The Birth of the “Neanderthals”

Library archives reveal the Gibraltar skull’s role in the discovery of our sister species.
The photograph features a large recreated model of a neanderthal.

When first found, “Neanderthal man” remains were thought by some scientists to be from a diseased modern human. However, upon examining the Gibraltar skull, George Busk argued that the Neanderthal skull represented a separate species.

Paul Hudson/Flickr

There it was—exactly the type of clue I was looking for. I was sitting in the library of the Royal College of Surgeons in London, an elegant, high-ceilinged room lined to the rafters with impeccably organized old books, like a frozen set piece from the 19th century. I was there to examine the papers and photographs of George Busk, a man who was once president of the college. Busk spent much of his working life at the Royal College lecturing on biology, and his papers and other materials have resided in the archives since his death in 1886.

I had been flipping through Busk’s photographs of fossils, many of which were of fragmented cave bear bones, when I came upon an image of the Gibraltar Neanderthal skull. Its large, hollow eye sockets stared up at me. Without thinking, I raised the photo toward my face for closer examination.
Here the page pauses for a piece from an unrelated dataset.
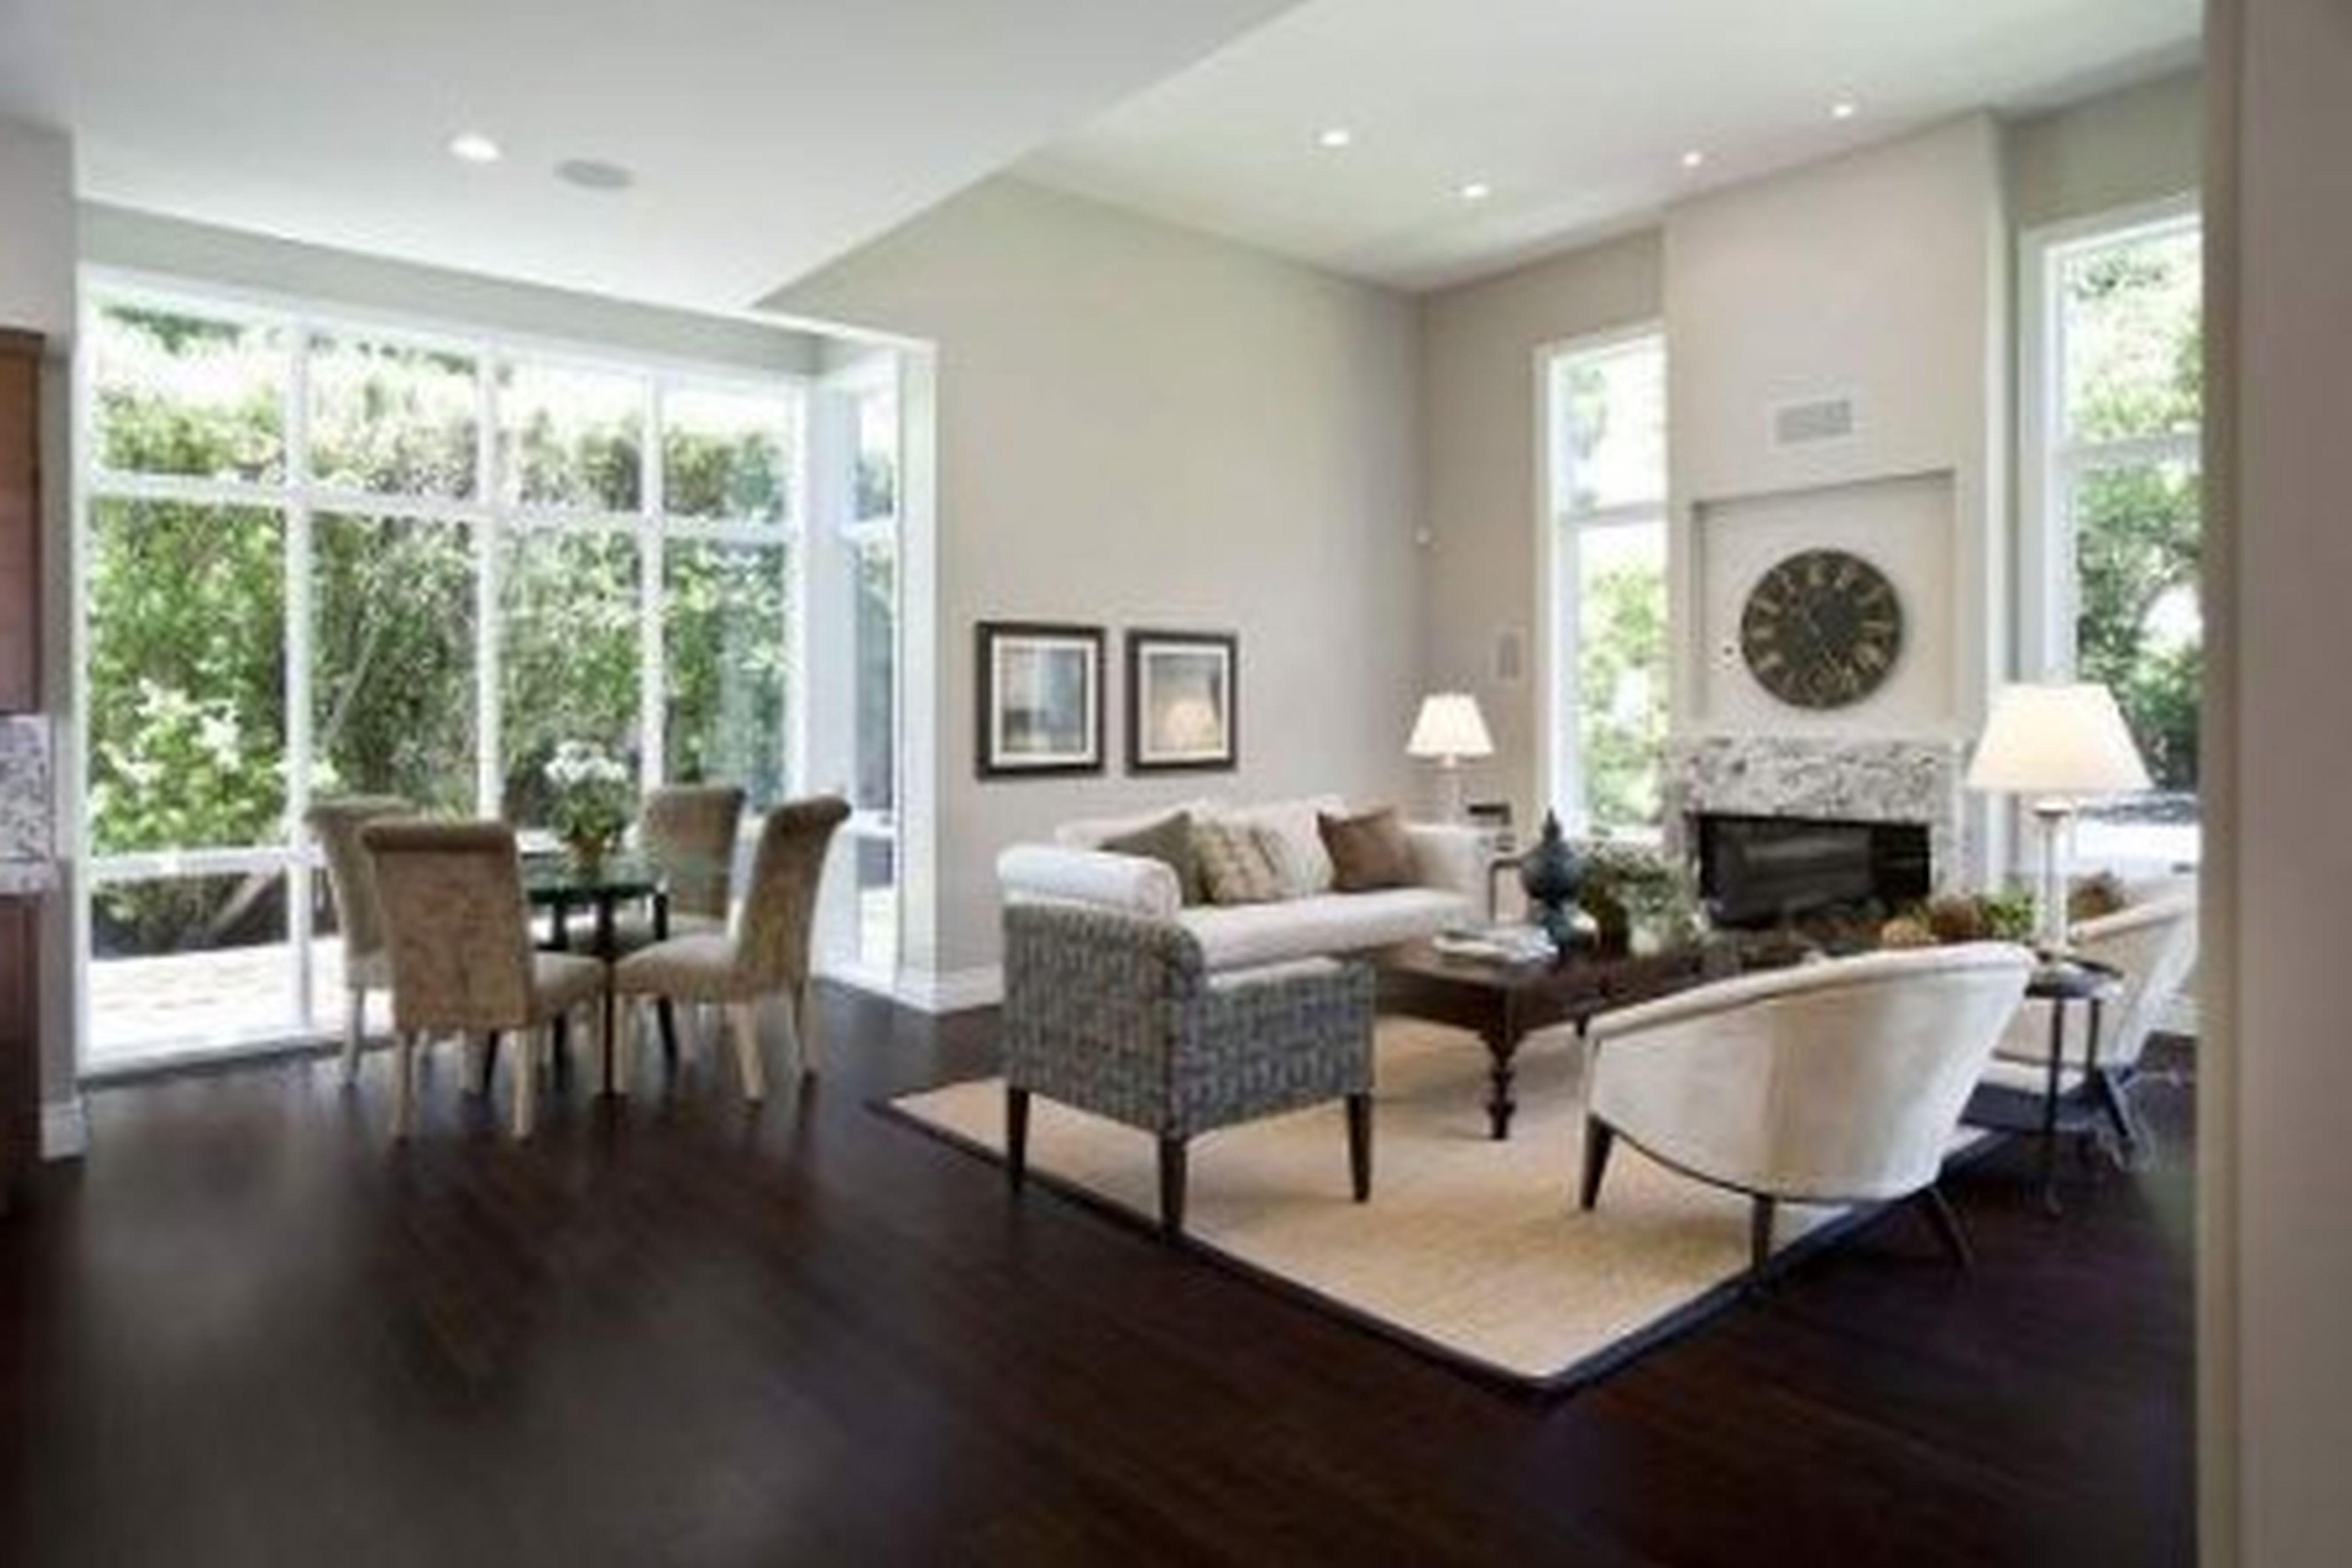 hardwood-floor-interior hardwood-floor-interior
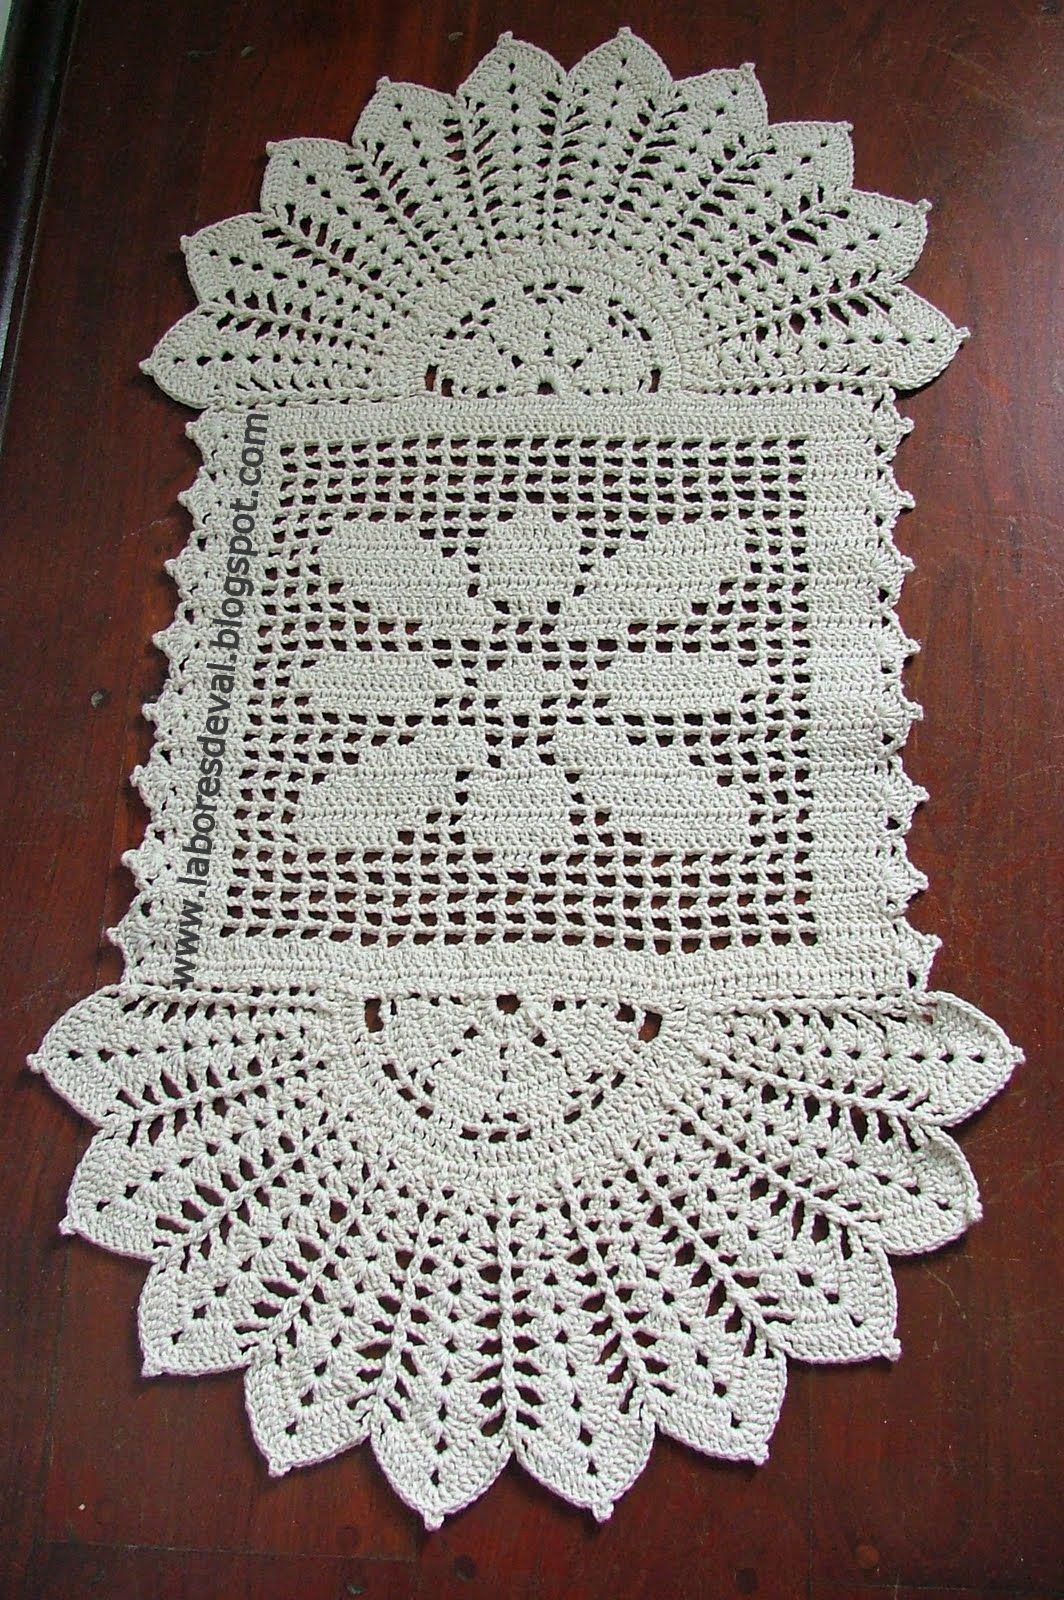 Pin By Marina Teixeirajw On Croch Cozinha E Banheiro Pinterest Oval Crochet Doily Diagram Celtic Heart Runner In Ebook

It was then that a voice from across the room brought me back to reality, reminding me that photos must be kept on the table. These precious images are not to be held or breathed upon. I carefully placed the picture back on the table and continued to stare at it in awe.

In addition to being a surgeon, a lecturer, and a photographer of cave bear remains, Busk was the man who first introduced Neanderthals to the English-speaking world. The photograph that made me gasp had likely been taken in 1864, when Busk was most engaged in describing the skull. It captivated me not simply because it was a beautiful shot, but also because it was evidence of an important moment in the story of scholarship on Neanderthals. The Gibraltar skull had appeared as a crucial piece of evidence at precisely the moment when scientists were first attempting to discern what a Neanderthal was.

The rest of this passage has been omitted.